As regards the differences between NSAIDs and diclofenac, Tegeder et al. [5] have reported that the ibuprofen concentration in muscle was greater after oral administration (80 mg) than after topical administration (5% ibuprofen gel of 16 g applied onto the femoral skin of 17 × 19 cm). This result is similar to that in our study. Regarding ketoprofen [6], most dialysate concentrations after topical dosing of ketoprofen (100 mg) were below the quantification limit. This result appears to be different from the result in our study. However, because there are many differences in prescription, formulation and measurement methods between our study and Tegeder's, we cannot directly compare the two.
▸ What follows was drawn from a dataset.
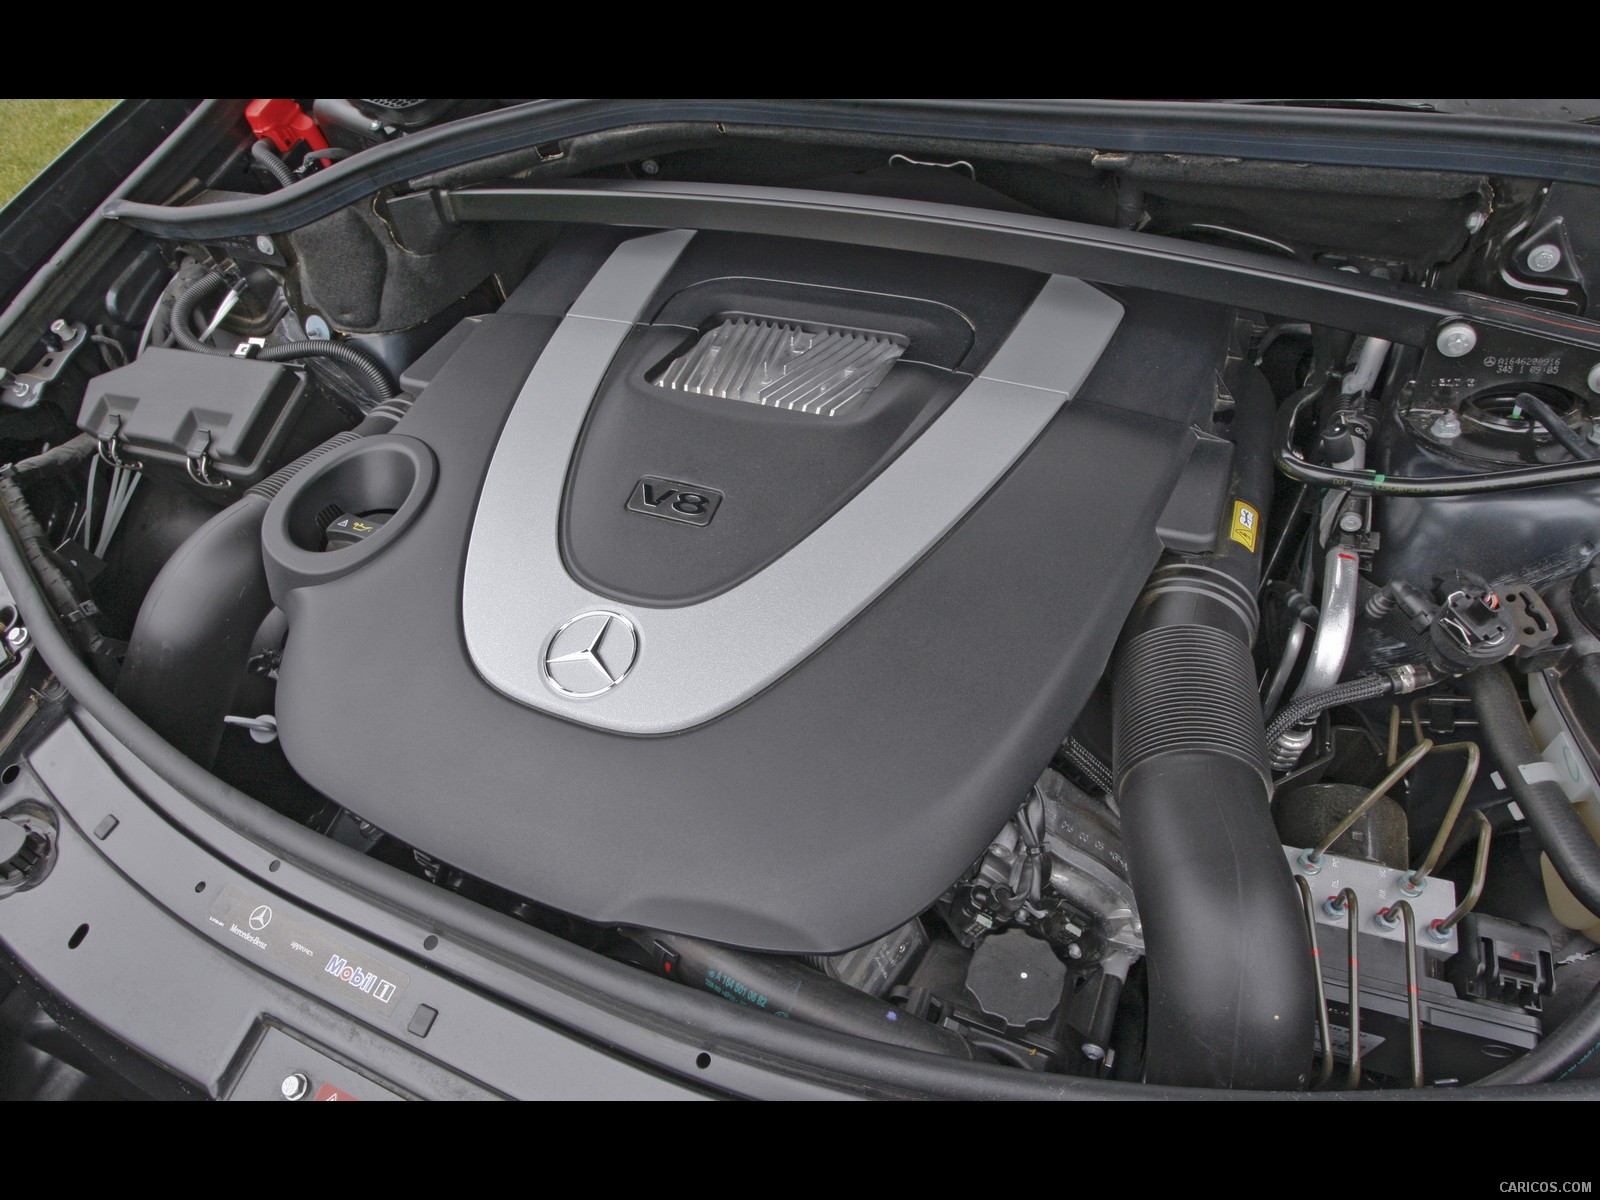 2010 Mercedes-Benz GL550 - Engine, #69 of 112

We tried to compare tissue concentration with the IC50 (50% inhibitory concentration for cyclooxygenese-2 inhibition) values of dicrofenac. In vivo data are not available. In the present study, the concentration was 4.99 ng ml−1 in synovial membrane and 9.29 ng ml−1 in muscle at 12 h. However, reported IC50 values of dicrofenac have had a wide range of 1–500 ng ml−1[9, 10]. The reason for such high variability is not known, but might be due to differences in the free fraction of dicrofenac or the accessibility of the cyclooxygenases, which might be better with single cells than with tissue fragments [6]. Furthermore, it is not known which of these values most accurately predicts in vivo performance and hence clinical efficacy. Therefore, we could not conclude whether single-dose administration of dicrofenac gel led to effective tissue concentrations.
In conclusion, we have compared diclofenac concentrations between topical application with a pair of tapes containing a total of 30 mg diclofenac sodium and oral application of a capsule containing 37.5 mg diclofenac sodium, because we intended to compare the two applications according to clinically recommended prescriptions. There was no significant difference in plasma diclofenac levels between the two applications. The present study has shown evidence that topical application with a tape containing diclofenac sodium is an effective method to deliver diclofenac to the human body, particularly to muscle near the body surface.
Competing interests
None to declare.
This research was financially supported by the Grant for Clinical Research from Hokkaido University Graduate School of Medicine, Sapporo, Japan.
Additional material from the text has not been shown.